Но в мае, когда деревья и кусты только-только начали покрываться листвой и разноцветье еще не успело вытеснить непорочную белизну первых цветов, всегда преобладающих по весне, поскольку именно белое больше всего привлекает к себе оплодотворяющих обитателей леса в нежных весенних сумерках, я решилась бросить спасительные костыли города.
В пустой Александрии пахло ветром, стлавшийся под ногами дым сжигаемых листьев завивался вокруг полуразрушенных памятников и густым молоком огибал холмы, на которых после его теплых объятий появлялись голубые перелески. Я шла за длинными шлейфами дыма, закрывавшими щиколотки, и на одном из откосов склонилась над едва показавшимся ростком: два почти прозрачных, почти бесцветных листочка охватывали туго сжатый бутон, образуя острую стрелку, пробившуюся сквозь всю толщу наслоений лета, осени и зимы. Внезапно холм вспыхнул, озаренный прорвавшимся сквозь туман солнцем, и, подняв голову, я увидела перед собой памятник красного гранита, на котором золотилась готическая надпись:
САДОВНИК ЭРЛЕР
Мужу и другу
Я коснулась камня ладонью и в тот же миг где-то глубоко внутри себя ощутила сгусток победившей жизни.
РАССКАЗЫ
КИЗИЛ
Заканчивалось далекое лето семидесятых. Уже рыжеющая яйла сползала к морю и там вскипала кровавой пеной созревшего кизила, вкус которого был столь же пронзителен и столь же неуловим, как вкус тайно сорванного поцелуя. Глянцевитая тонкая кожица, неподвластная губам и небу и требующая легкого усилия зубов. Влажная мякоть. Набегающая слюна. Долгое послевкусие и жажда очередной ягоды…
Мы приехали с мамой в Симеиз, где уже в снятой комнате нас должна была ждать ее приятельница с сыном. Несмотря на снобизм шестнадцати лет и специализированной школы, я с облегчением увидела, что комната оказалась огромным овальным залом с окнами в полстены, приятельница – вполне здоровой строгости теткой, а сын – очаровательным мальчишкой лет двенадцати, смуглым и гладким, как хорошая шоколадная конфета. Через день мы уже играли с ним в бадминтон, и он, сам сливаясь и даже не с ракеткой – с воланом, с ревностью ребенка постоянно указывал мне на все мои промахи. Утром, неизвестно зачем сунув мне в руку длиннопалую ладошку, он тащил меня вниз по мощеным улочкам, чтобы тайком от родителей выпить только что появившуюся тогда в заграничных маленьких бутылочках с красно-синей наклейкой пепси-колу.

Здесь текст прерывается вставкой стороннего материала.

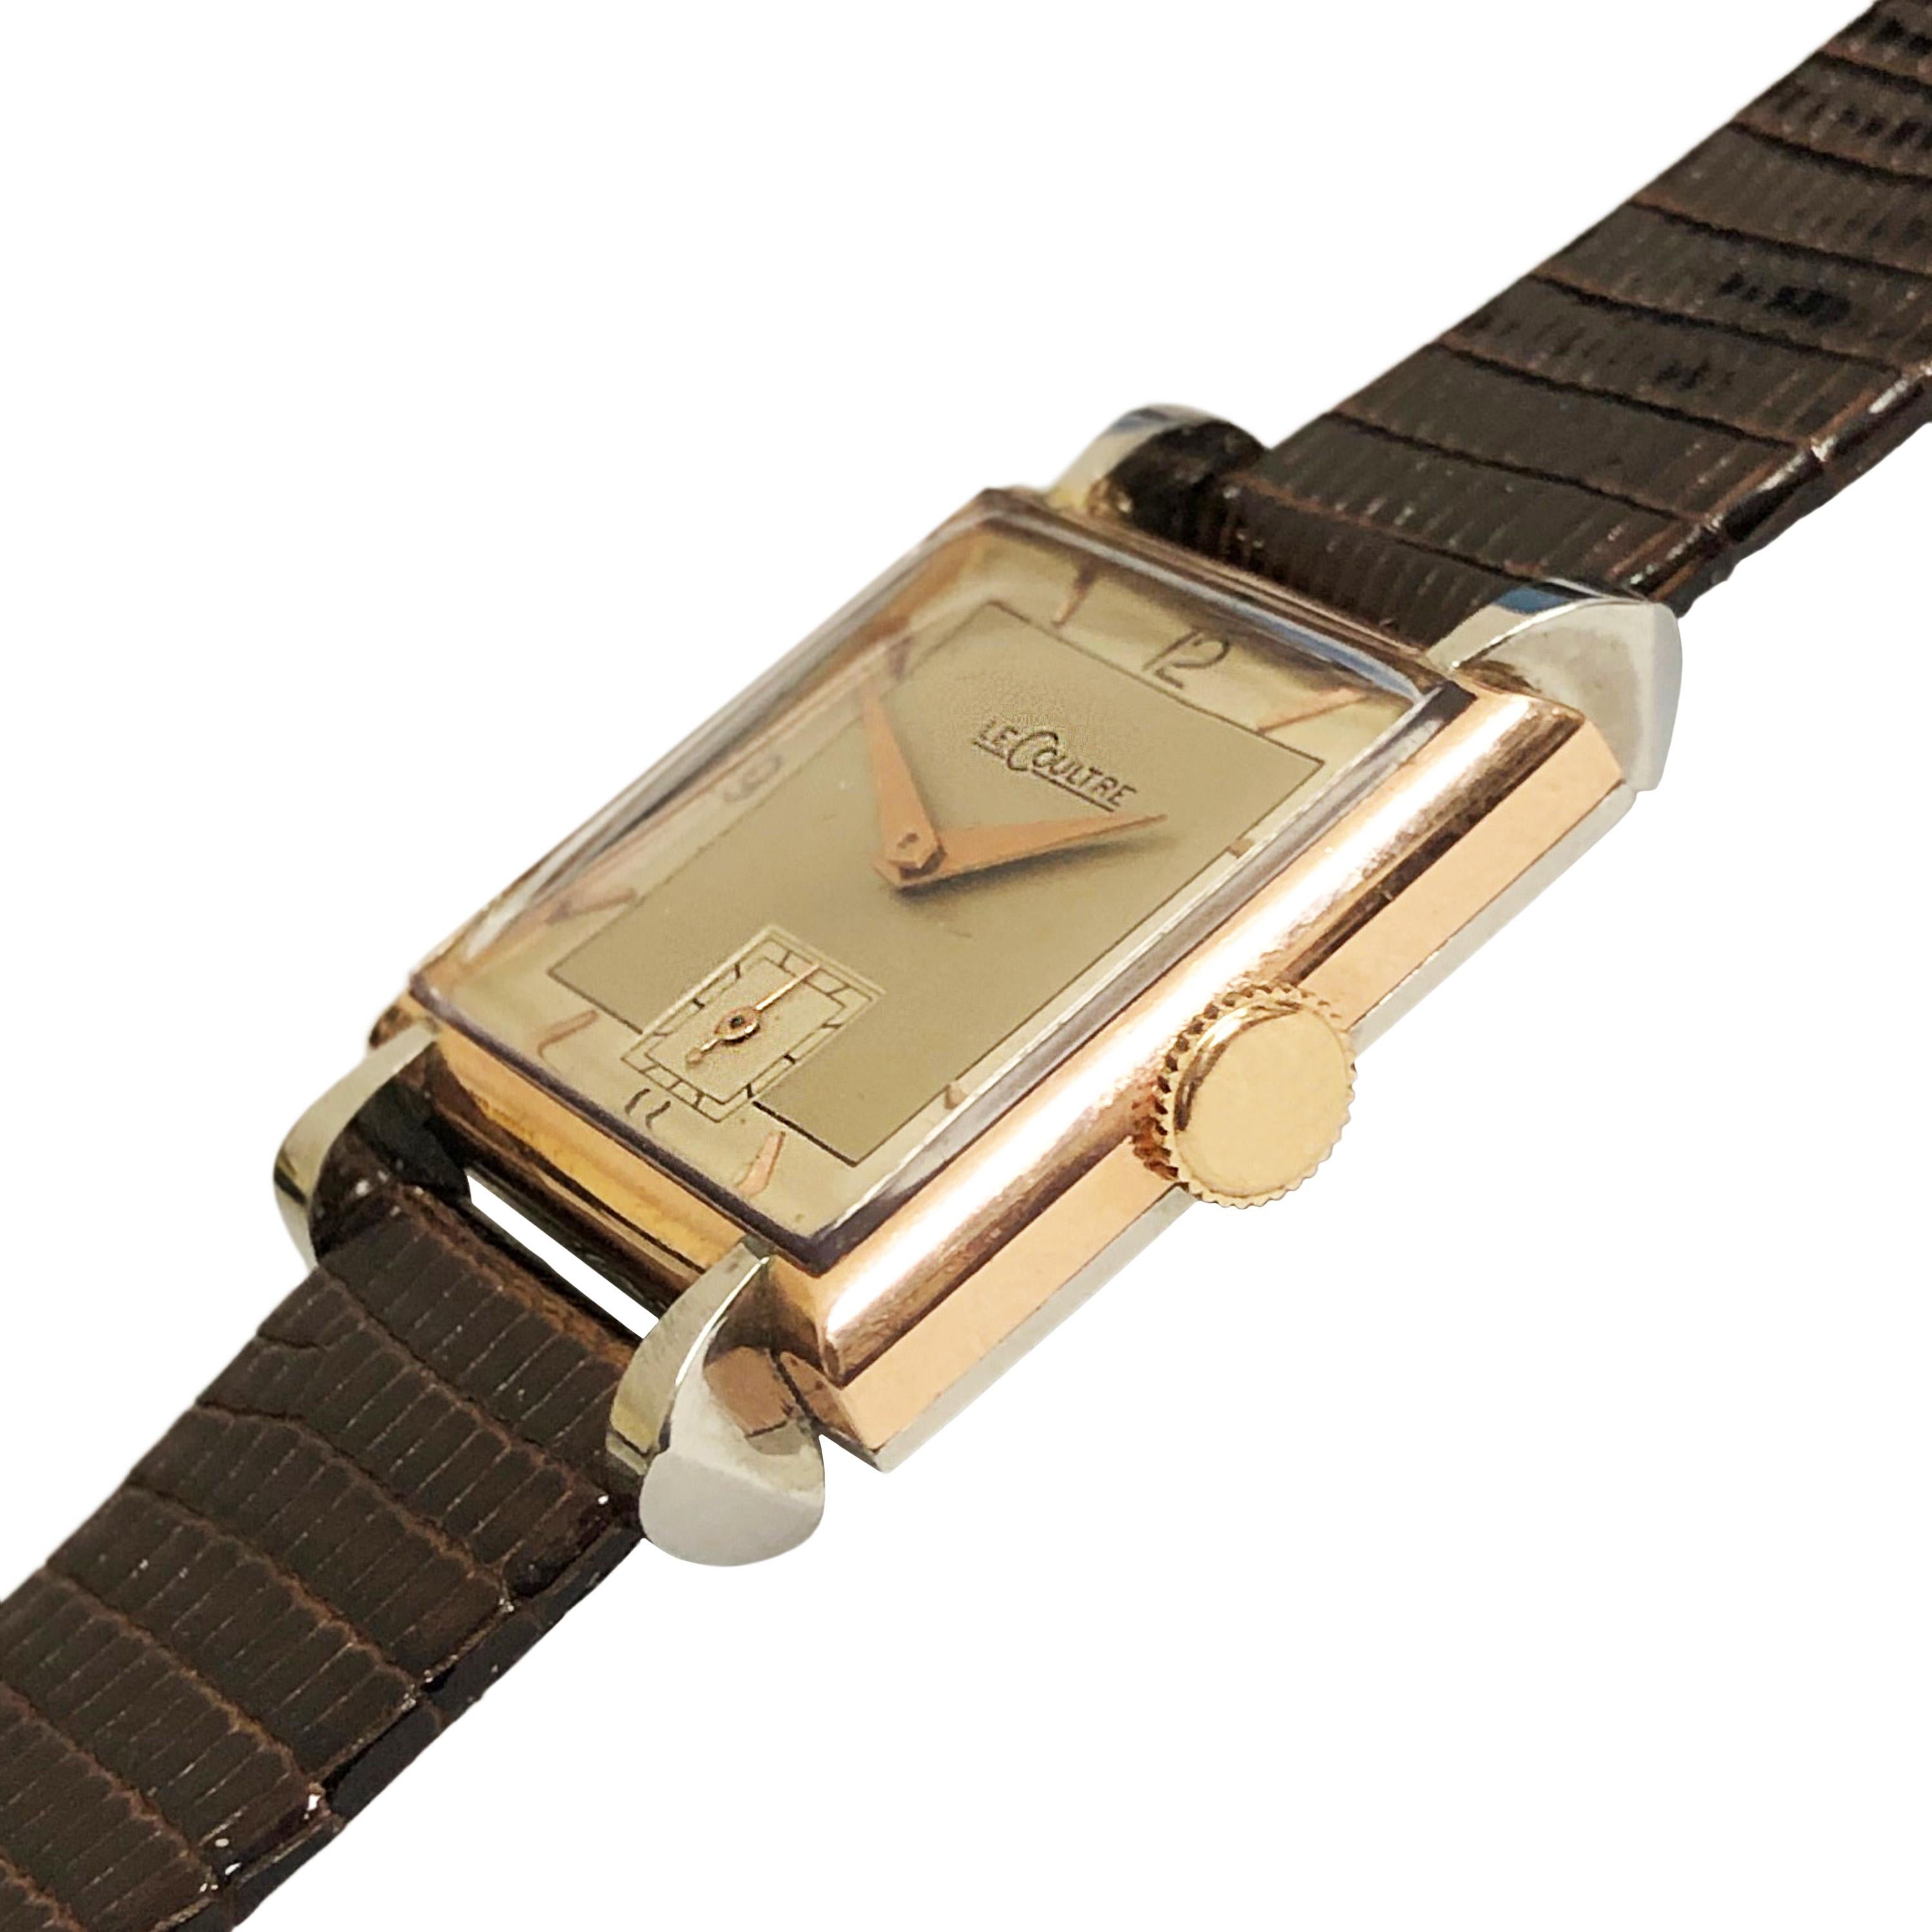 Circa 1940s Jaeger LeCoultre Wrist Watch, 34 X 25 MM 2 Piece Stainless Steel and Rose Gold Case with Flared Lugs. 17 Jewel Mechanical, Manual wind movement, original 2 tone silvered dial with raised Rose Gold markers and Rose Gold hands. New Brown

И приторная болотная жидкость щекотала наши губы, и рука его на обратном пути была горячей и липкой. В самую жару мы уходили в горы, где воровали виноград, и обрывками лоз он украшал мою выгоревшую непричесываемую днями голову и фотографировал, мучая длиннейшими выдержками. А когда здания начинали заплывать тягучей лиловой мглой, мы спешили в кино, срезая дорогу через туберкулезные санатории, и давились от смеха, изображая боязнь заразиться, для чего натягивали на головы полиэтиленовые пакеты. И наши бесплотные фигуры в белых инквизиторских колпаках бесшумно скользили до самого моря через дыры в заборах. Темной же южной ночью, когда я уходила в сад под единственный фонарь читать и перечитывать письма подруги, с которой нам в тот год открылись и юность, и дружба, он, рискуя быть наказанным, крался за мной. И я слышала за кустами айвы его серьезное детское дыхание. Мне было с ним хорошо. Его детскость подчеркивала мою взрослость, но в то же время тешили (хотя втайне – или немного смешили) жадные мальчишеские взгляды на белую полоску от старого купальника. У Борьки был только один недостаток – он боялся плавать. Не то чтобы не умел, а именно боялся. Но я прощала ему этот тяжкий для мальчика грех за ум, за воспитанность, за умение держаться достойно и большую часть времени проводила с ним на мелководье, без особого сожаления лишив себя удовольствия вдоволь поплавать.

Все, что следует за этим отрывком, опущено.